Simon asked how the Duke and Duchess did.
"Famously snug," said Sophie. "They both went to bed with hot bricks, and I gave them a dose of the poppy syrup that I made according to Mrs. Cobb's receipt."
"Ay, you can't beat my poppy syrup," said Mrs. Cobb complacently.
"And they were both very kind to me," Sophie went on. "The Duke gave me five guineas and this gold enameled watch—see, Libby, how pretty it is with the blue flowers—and her Grace gave me a week's holiday, besides two beautiful dresses and five lengths of stuff to make things for myself. But what was it you wanted to ask me, Simon?"
Simon explained the troubles of poor Dido Twite, with an unfeeling mother, a diet of fish porridge, and no dress to wear to the Clapham Fair. Sophie's kind eyes misted in sympathy as she listened, and Mrs. Cobb cried, "Well, I declare! Fancy treating a child so! She could have some of Libby's clothes, but they'd be too small, I daresay."
"It's the simplest thing in the world," Sophie said, "I can use some of the stuff her Grace gave me to make the child a dress—it will take no time at all to whip it together if you can give me some idea of her size, Simon."

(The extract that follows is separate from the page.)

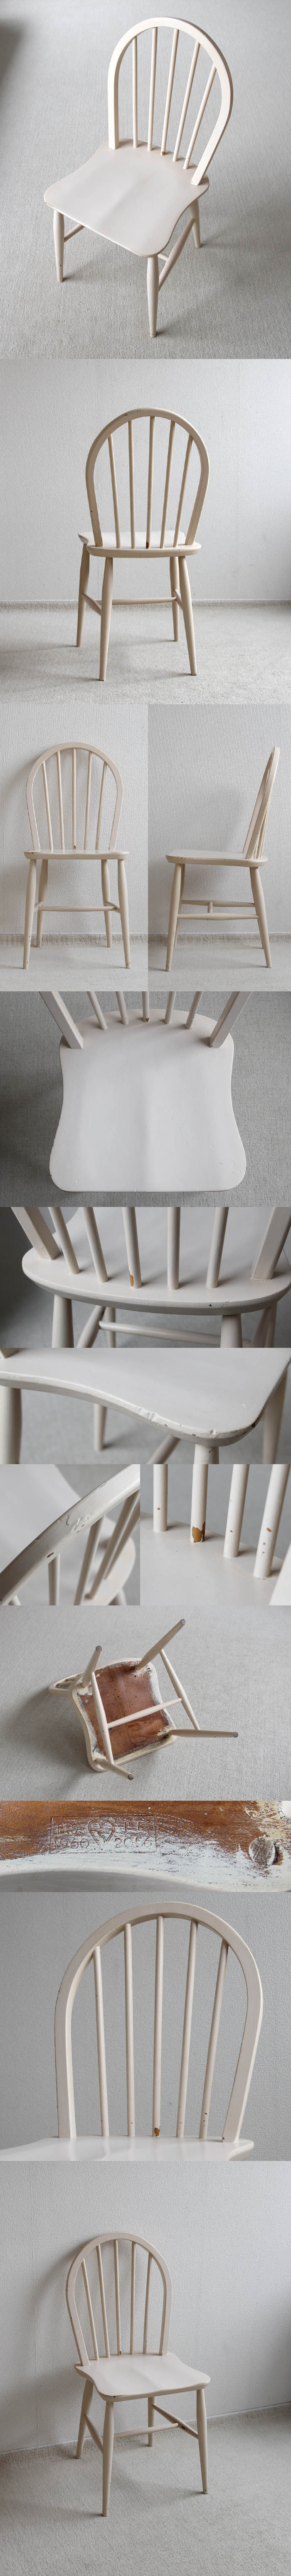 イギリス アンティーク アーコールチェア ERCOL 木製椅子 シャビー ペイント家具「フープバック」P-021

"Oh no, that's a great deal too good of you," he objected. "I wondered if you'd have some old dress put by that you could cut up for her, Soph."
Sophie however declared that the Duchess had given her so many things she could easily spare some material—"The poor little thing, let her have something really pretty and new for once. There is a blue merino that might be just the thing. Is she dark or fair?"
"She is always so grubby that it is hard to tell," Simon said doubtfully. However he thought the blue merino would do very well.
"I'll make it tomorrow," Sophie promised. "As I've the day off, it's odds but I'll have it finished by the evening."